The advantage of using a PMF is that it is easier to do multiple updates. The following cell starts again with the uniform prior and does updates with two vanilla cookies and one chocolate cookie:

data = 'VVC'

pmf = make_pmf(xs, prior)

for cookie in data:
    if cookie == 'V':
        bayes_update(pmf, likelihood_vanilla)
    else:
        bayes_update(pmf, likelihood_chocolate)

Here’s what the results look like:

pmf.plot()

plt.xlabel('Bowl #')
plt.ylabel('Probability')
plt.title('Three cookies');
_images/06_pmf_63_0.png

Again, that’s consistent with what we got with the Bayes table.

In the next section, I’ll use a PMF and bayes_update to solve a dice problem.

The dice problem

As an exercise, let’s do one more version of the dice problem:

Suppose you have a 4-sided, 6-sided, 8-sided, 12-sided, and a 20-sided die. You choose one at random, roll it and get a 7. What is the probability that the die you rolled is 4-sided? What are the posterior probabilities for the other dice?

Notice that in this version I’ve added a 20-sided die and the outcome is 7, not 1.

Here’s a PMF that represents the prior:

sides = np.array([4, 6, 8, 12, 20])
prior = 1/5

pmf = make_pmf(sides, prior)
pmf
4     0.2
6     0.2
8     0.2
12    0.2
20    0.2
dtype: float64

In this version, the hypotheses are integers rather than strings, so we can compute the likelihoods like this:

likelihood = 1 / sides

But the outcome is 7, so any die with fewer than 7 sides has likelihood 0.

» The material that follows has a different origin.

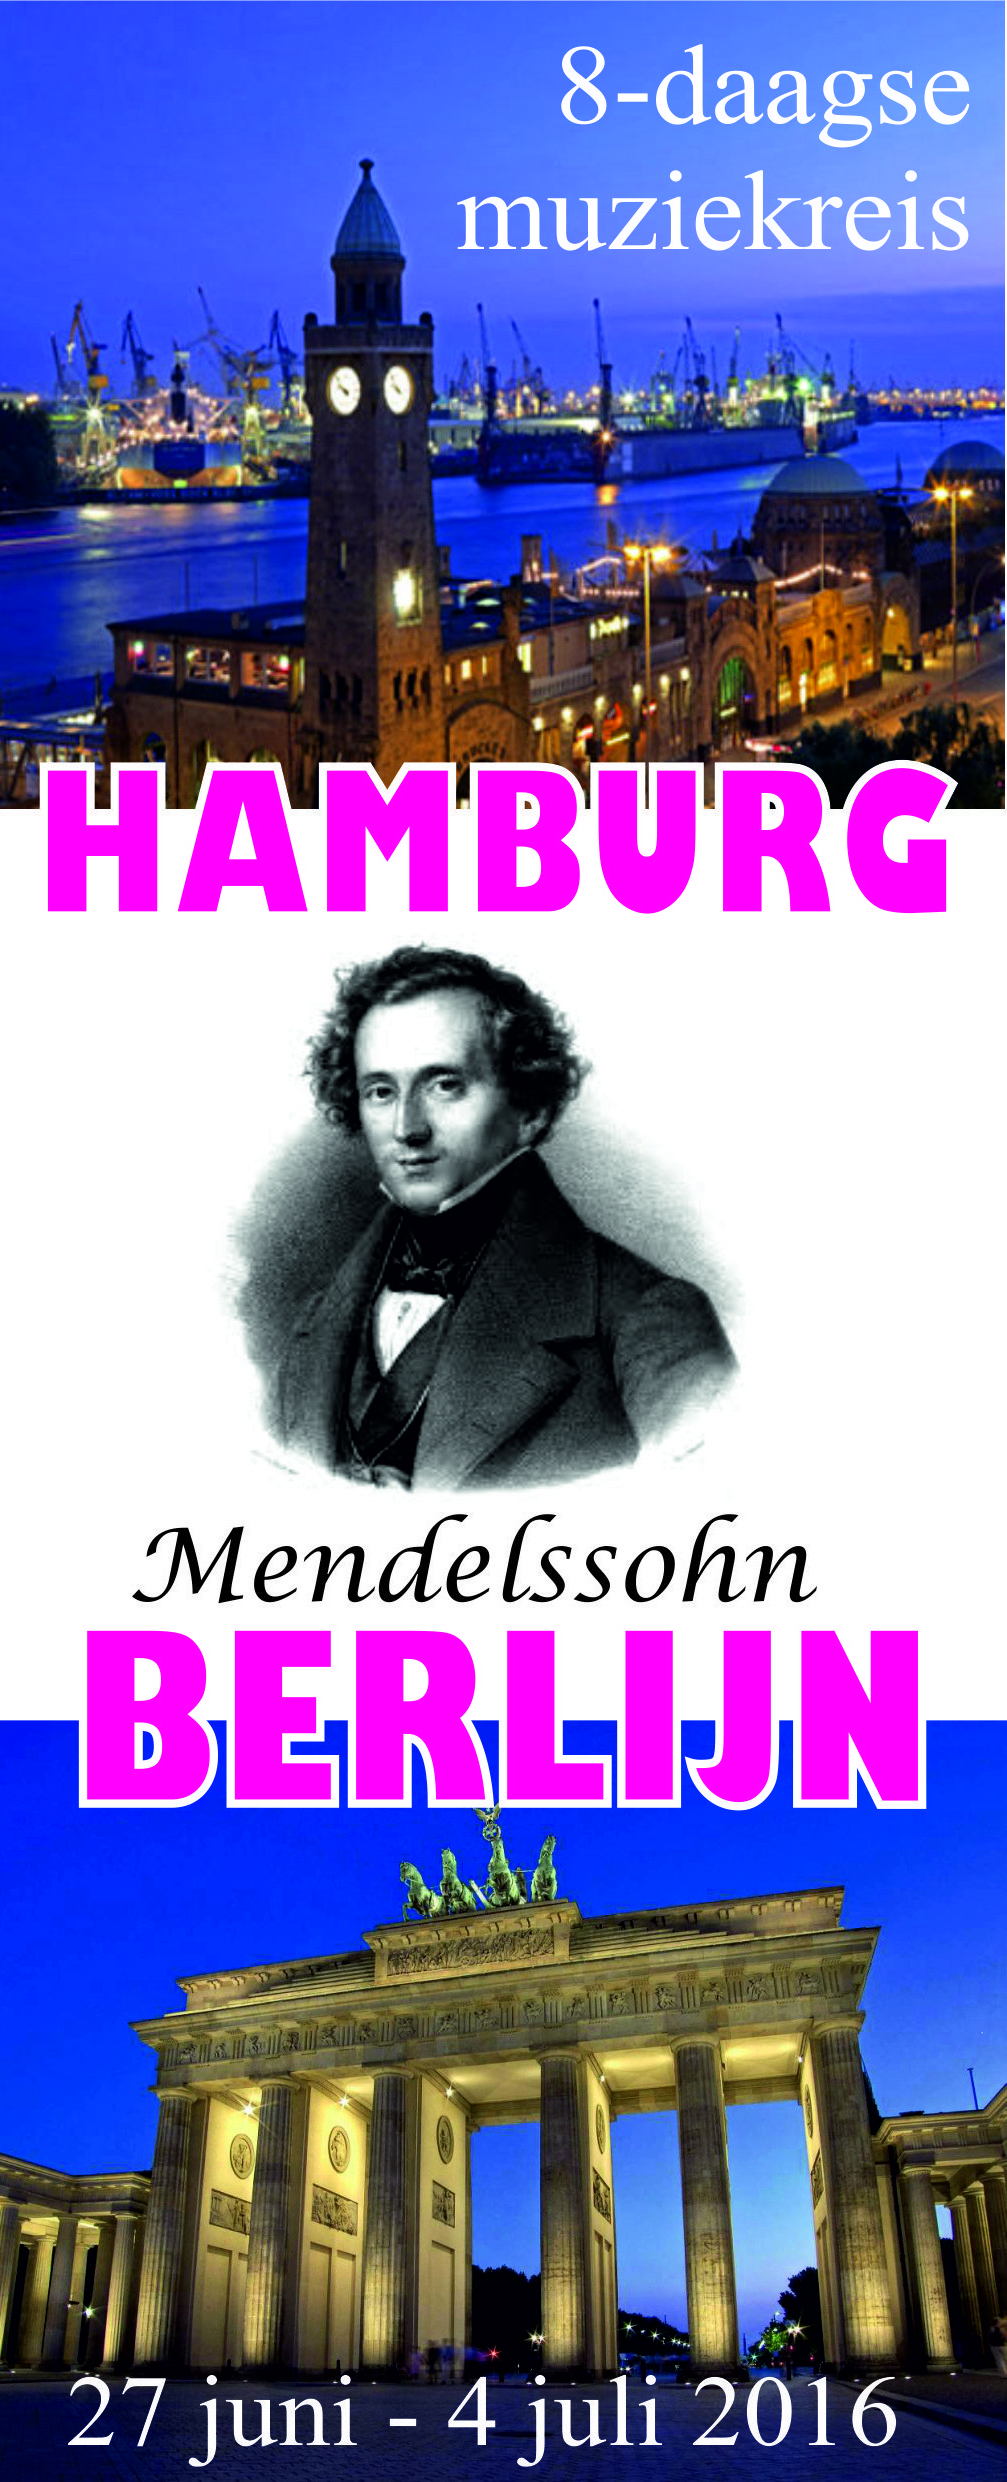 Mendelssohn definitief _cr -cr

We can adjust likelihood by making a Boolean Series:

too_low = (sides < 7)

And using it to set the corresponding elements of likelihood to 0.

likelihood[too_low] = 0
likelihood
array([0.        , 0.        , 0.125     , 0.08333333, 0.05      ])

Now we can do the update and display the results.

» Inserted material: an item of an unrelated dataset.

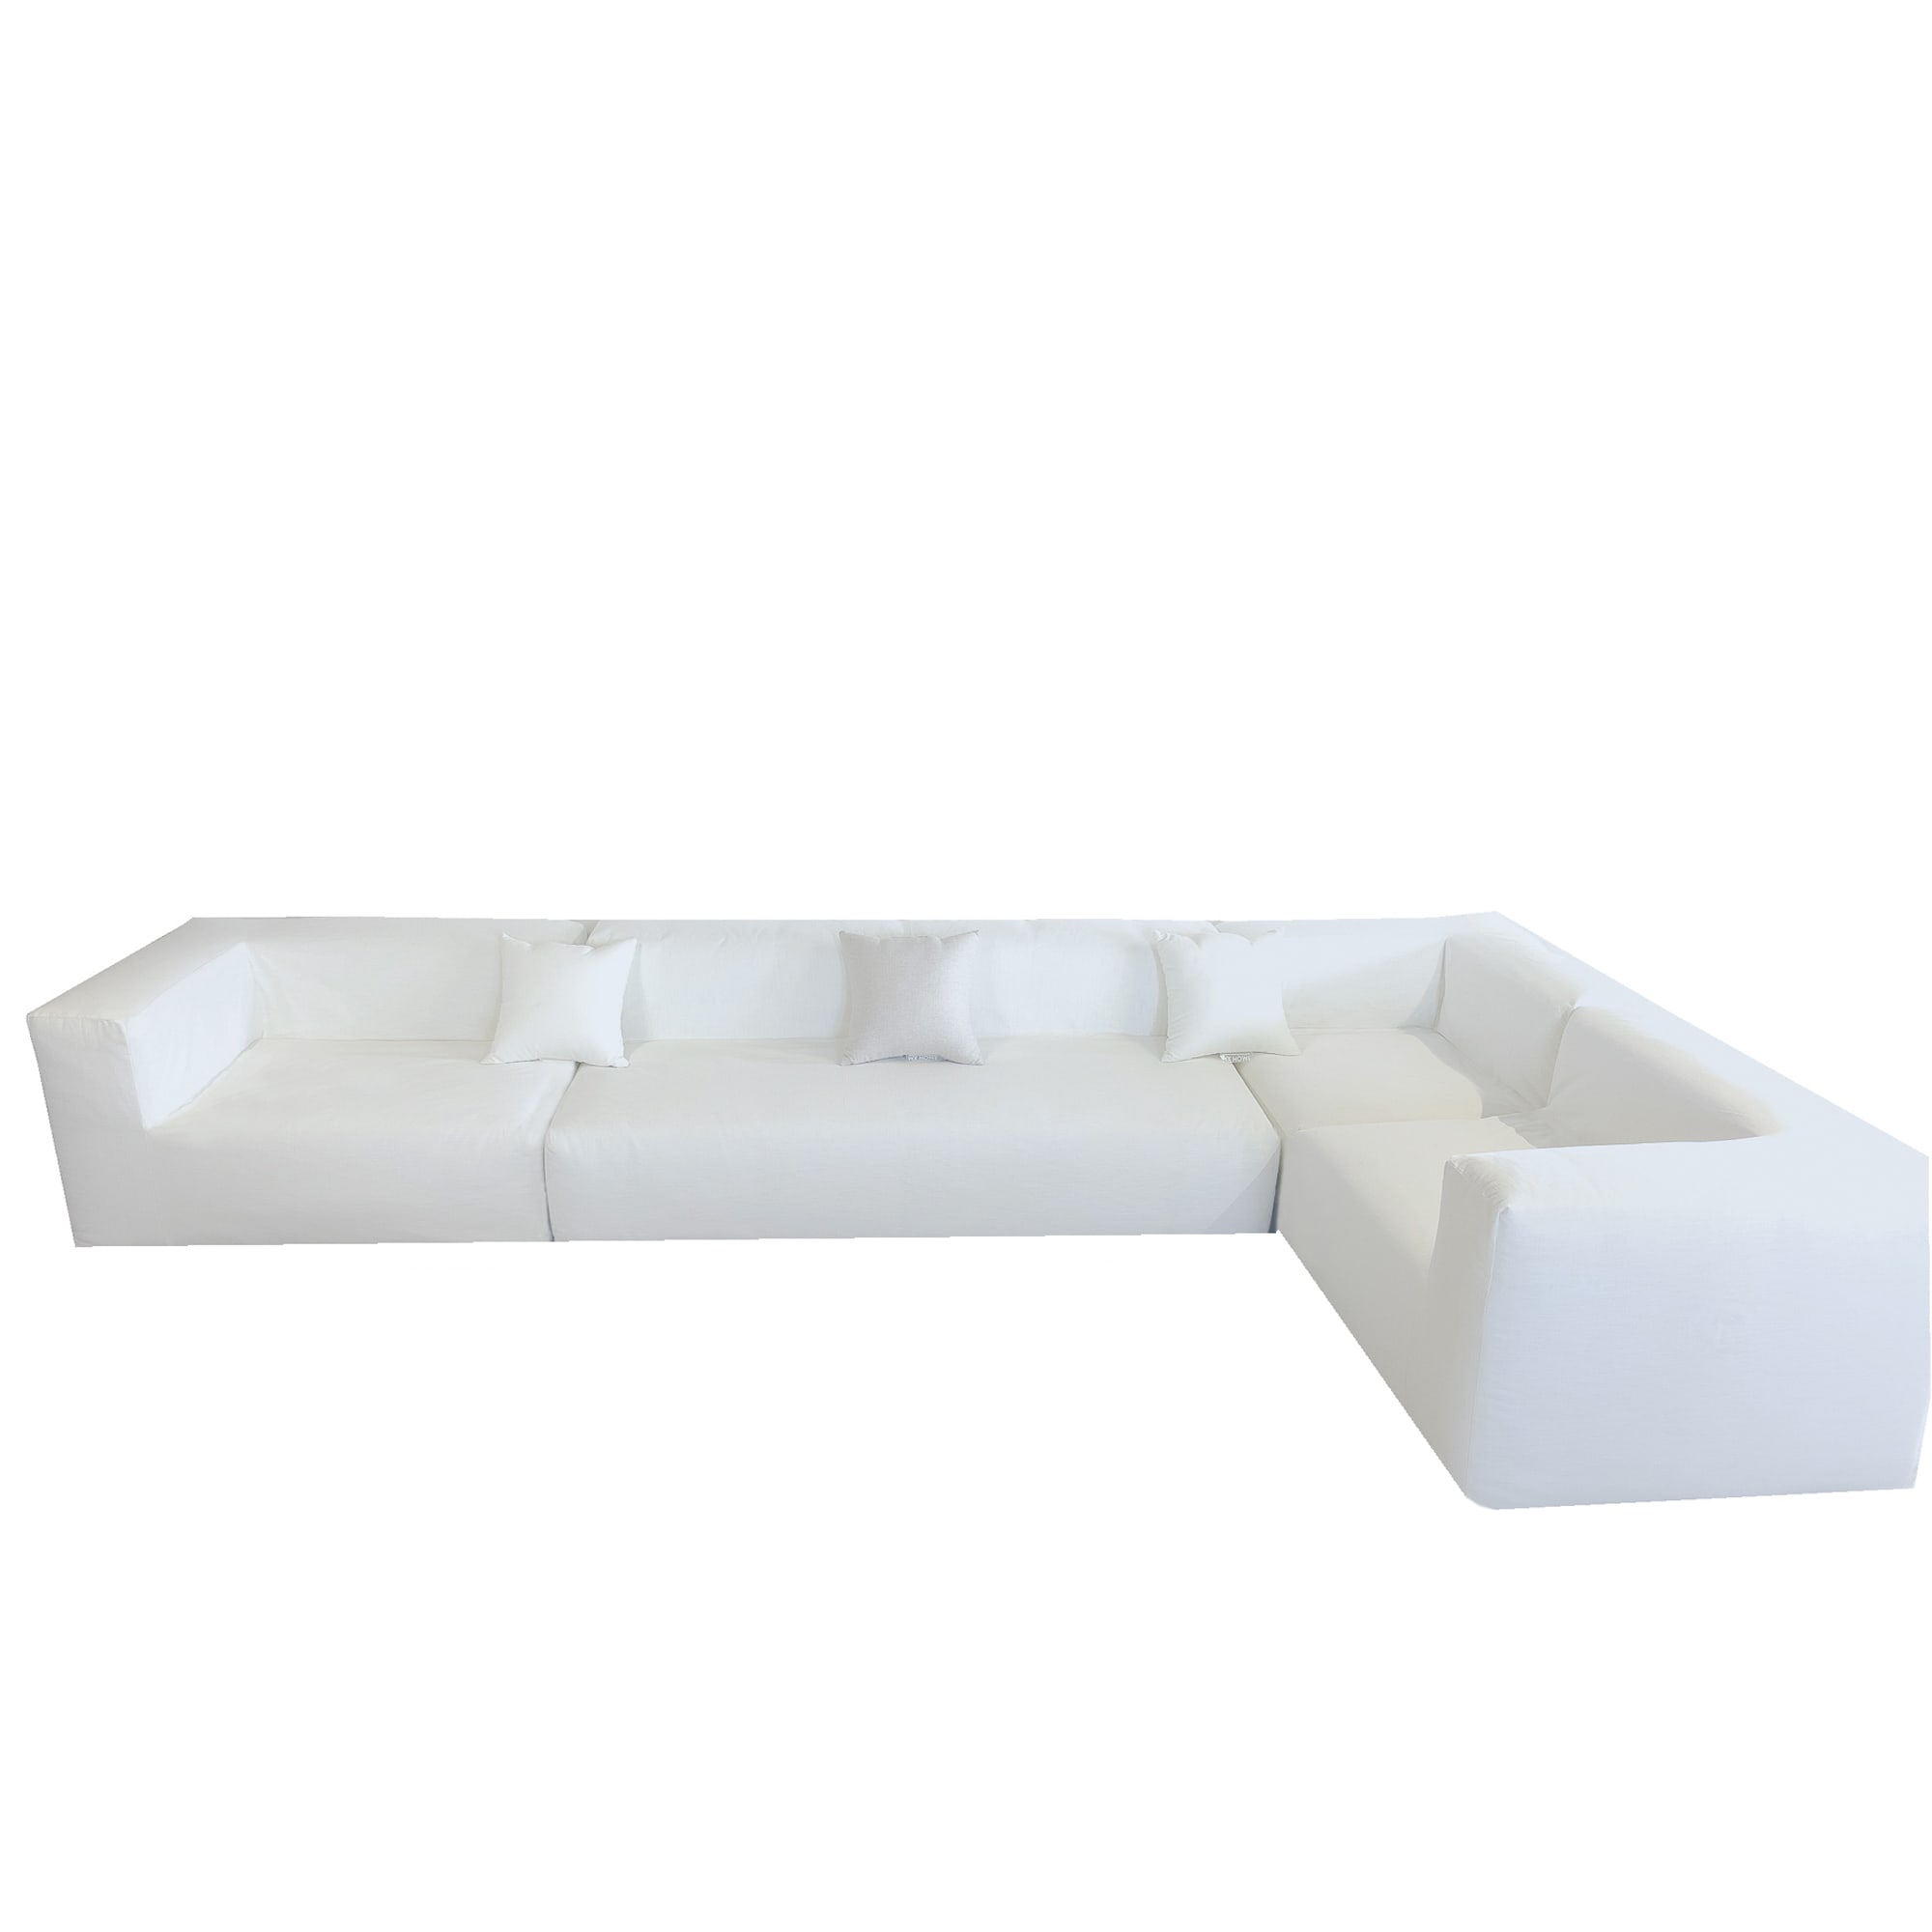 Copridivano bianco cotone per divano - A 5/6 posti

bayes_update(pmf, likelihood)
pmf
4     0.000000
6     0.000000
8     0.483871
12    0.322581
20    0.193548
dtype: float64

The 4-sided and 6-sided dice have been eliminated. Of the remaining dice, the 8-sided die is the most likely.

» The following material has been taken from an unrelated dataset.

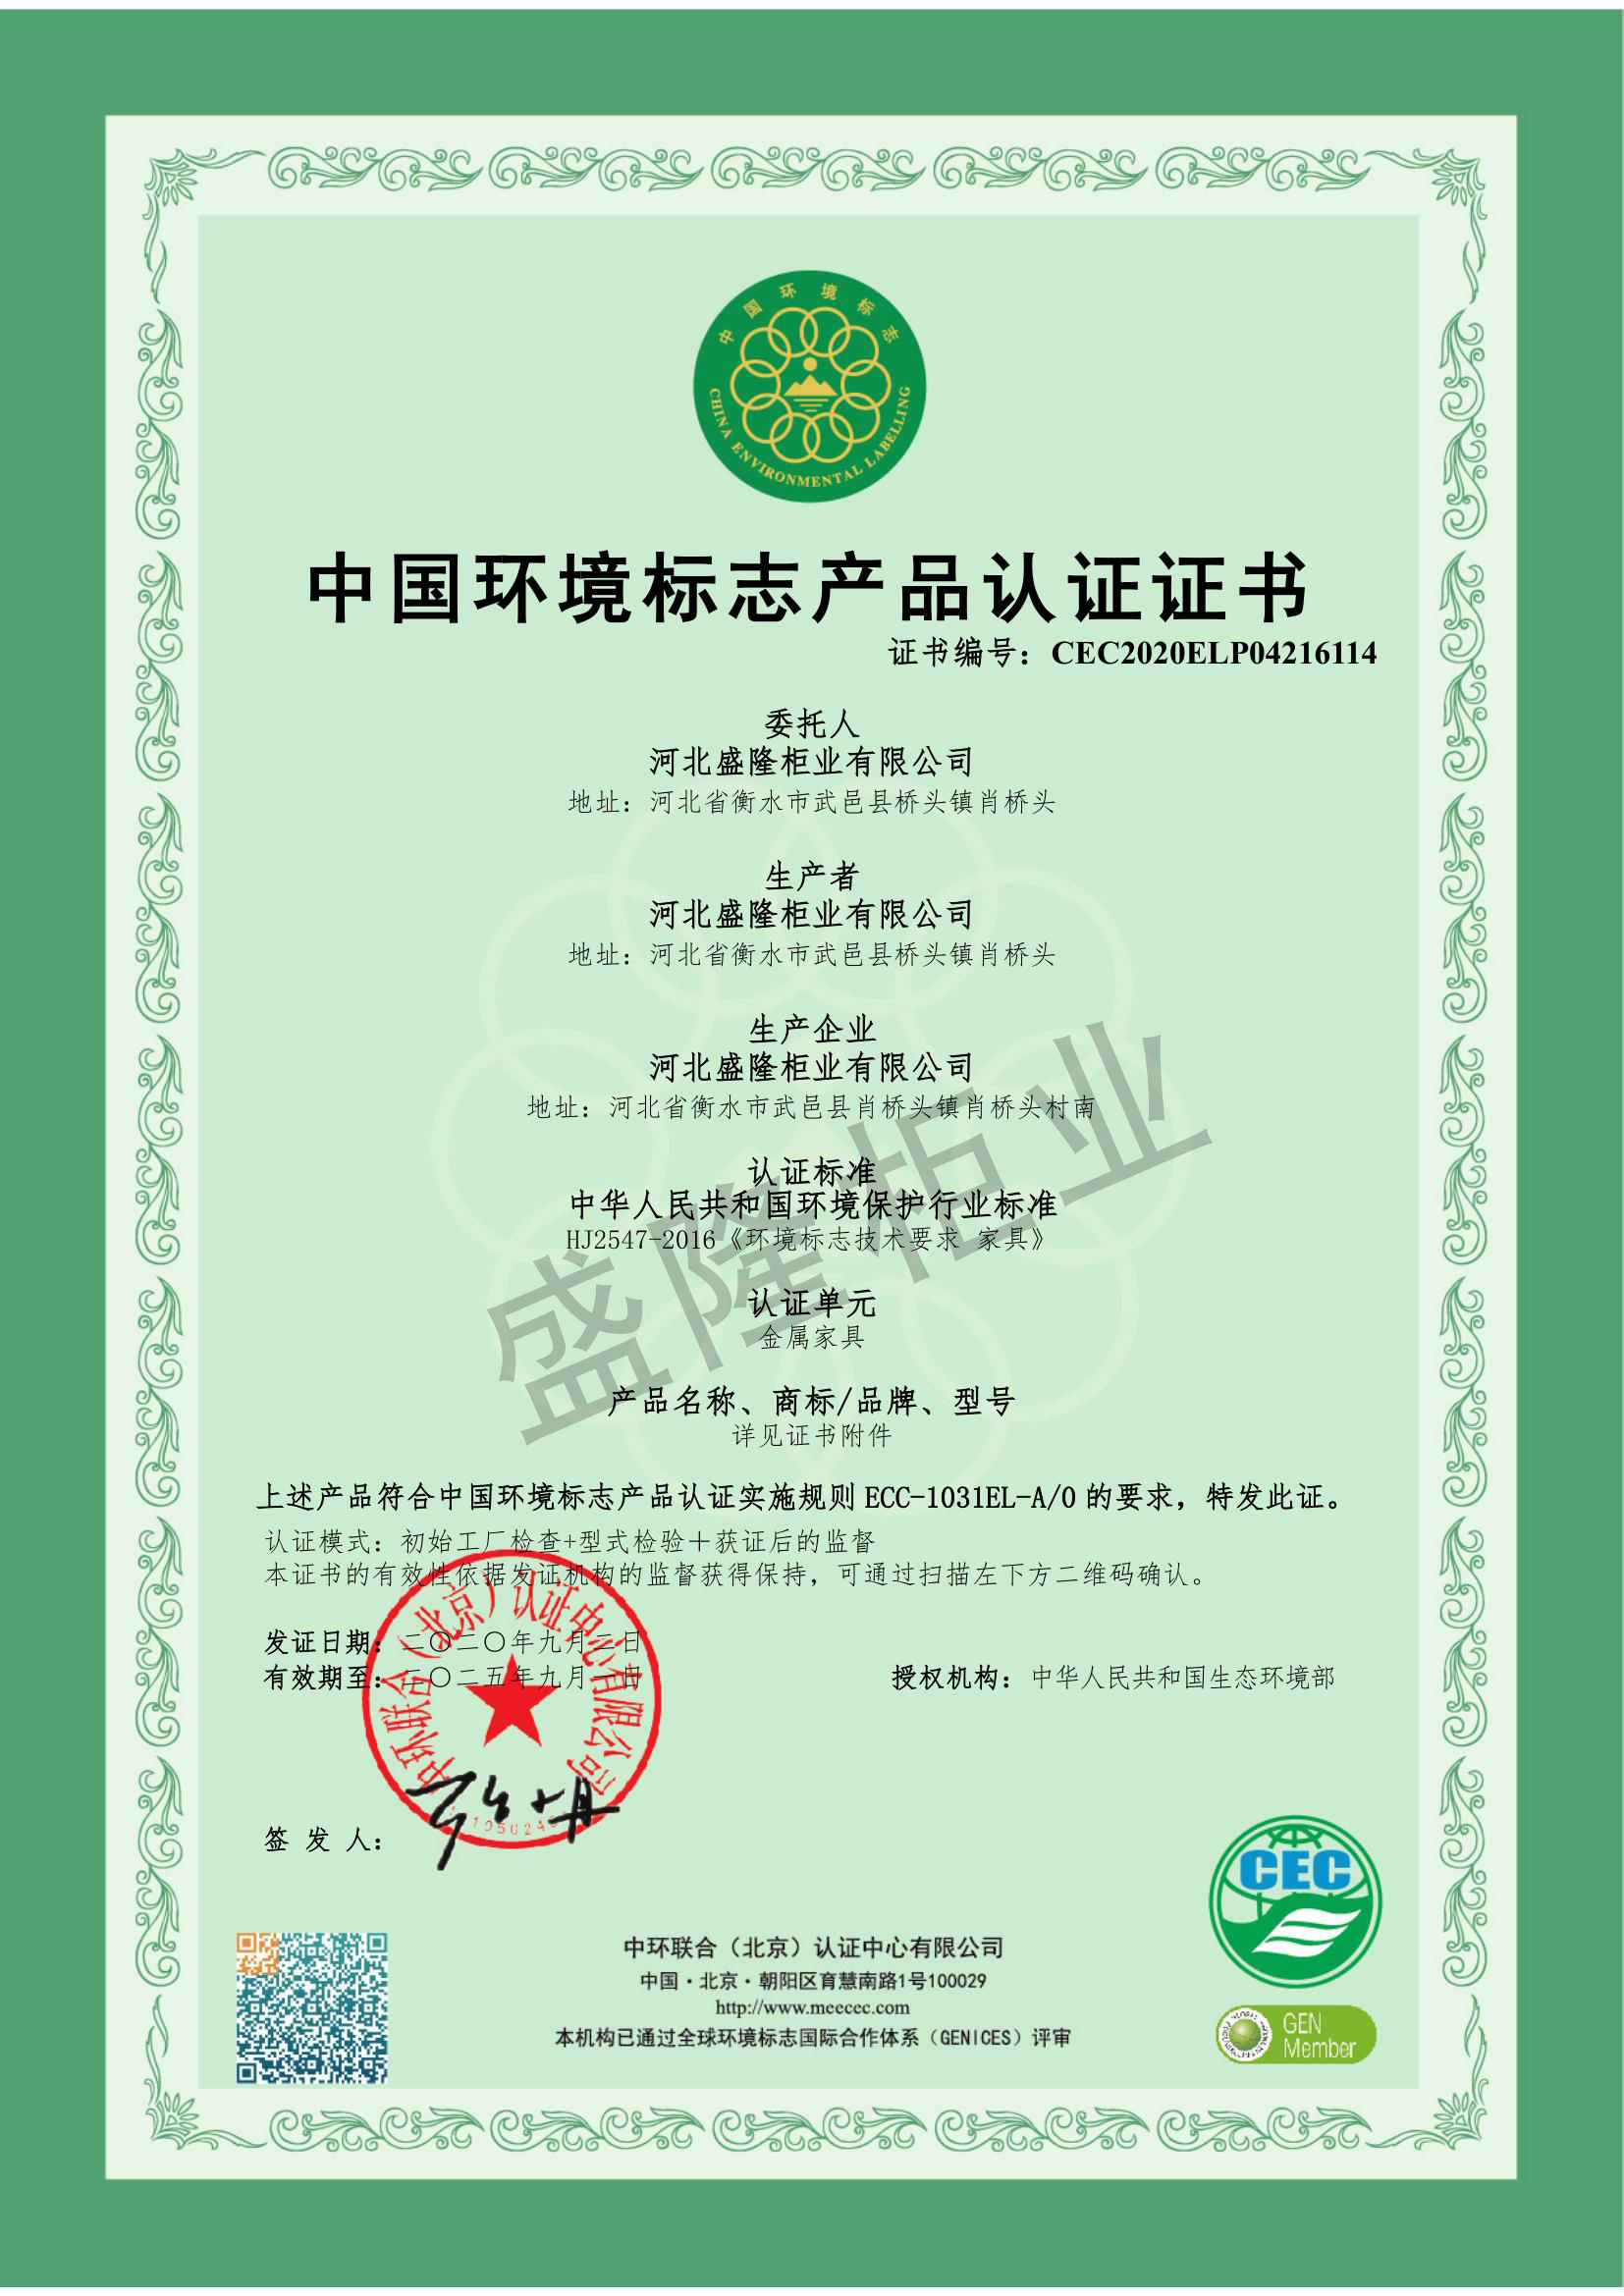 敦煌环境标志产品认证证书

Exercise: Suppose you have the same set of 5 die. You choose a die, roll it six times, and get 6, 7, 2, 5, 1, and 2 again. Use idxmax to find the MAP. What is the posterior probability of the MAP?

Summary

In this notebook, we extended the cookie problem with more bowls and the dice problem with more dice.

I defined the MAP, which is the quantity in a posterior distribution with the highest probability.

Although the cookie problem is not particularly realistic or useful, the method we used to solve it applies to many problems in the real world where we want to estimate a proportion.

In the next notebook we’ll use the same method on a related problem, and take another step toward doing Bayesian statistics.